# How do you use the second fundamental theorem of Calculus to find the derivative of given int (cos(t^2)+t) dt from [-5, sinx]?

May 17, 2016

By the FTC and the Chain Rule, the derivative is $\left(\cos \left({\sin}^{2} \left(x\right)\right) + \sin \left(x\right)\right) \cdot \cos \left(x\right)$.

#### Explanation:

The "second" Fundamental Theorem of Calculus (I just call it part of the FTC) says $\frac{d}{\mathrm{dx}} \left({\int}_{a}^{x} f \left(t\right) \setminus \mathrm{dt}\right) = f \left(x\right)$ when $f$ is continuous on the interval between $a$ and $x$.

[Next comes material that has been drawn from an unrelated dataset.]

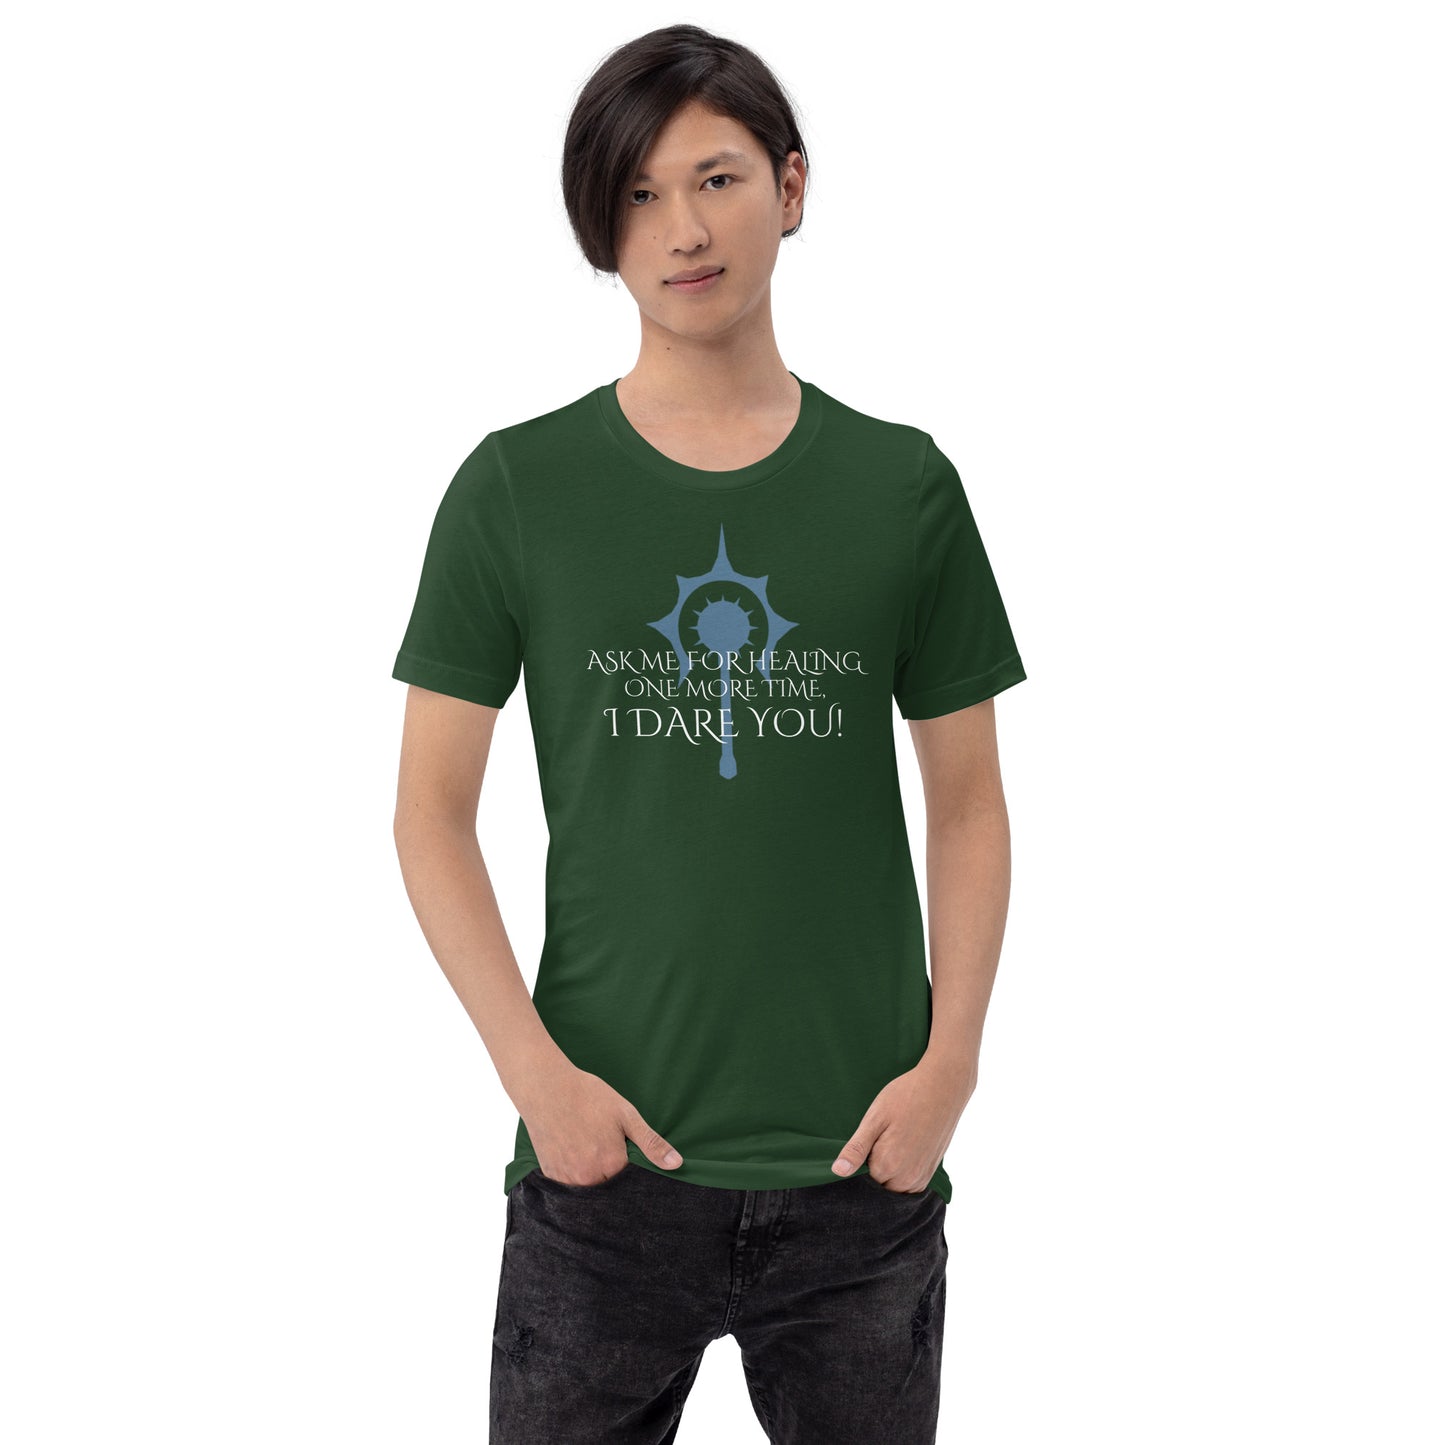 Ask me for healing one more time. Cleric D&D Shirt - Unisex t-shirt

Let $F \left(x\right) = {\int}_{- 5}^{x} \left(\cos \left({t}^{2}\right) + t\right) \setminus \mathrm{dt}$ and $g \left(x\right) = \sin \left(x\right)$. The given function for this question is $h \left(x\right) = F \left(g \left(x\right)\right)$. The Chain Rule implies that $h ' \left(x\right) = F ' \left(g \left(x\right)\right) \cdot g ' \left(x\right)$. Since $F ' \left(x\right) = \cos \left({x}^{2}\right) + x$ and $g ' \left(x\right) = \cos \left(x\right)$, it follows that

$h ' \left(x\right) = \frac{d}{\mathrm{dx}} \left({\int}_{- 5}^{\sin \left(x\right)} \left(\cos \left({t}^{2}\right) + t\right) \setminus \mathrm{dt}\right)$

$= \left(\cos \left({\sin}^{2} \left(x\right)\right) + \sin \left(x\right)\right) \cdot \cos \left(x\right)$.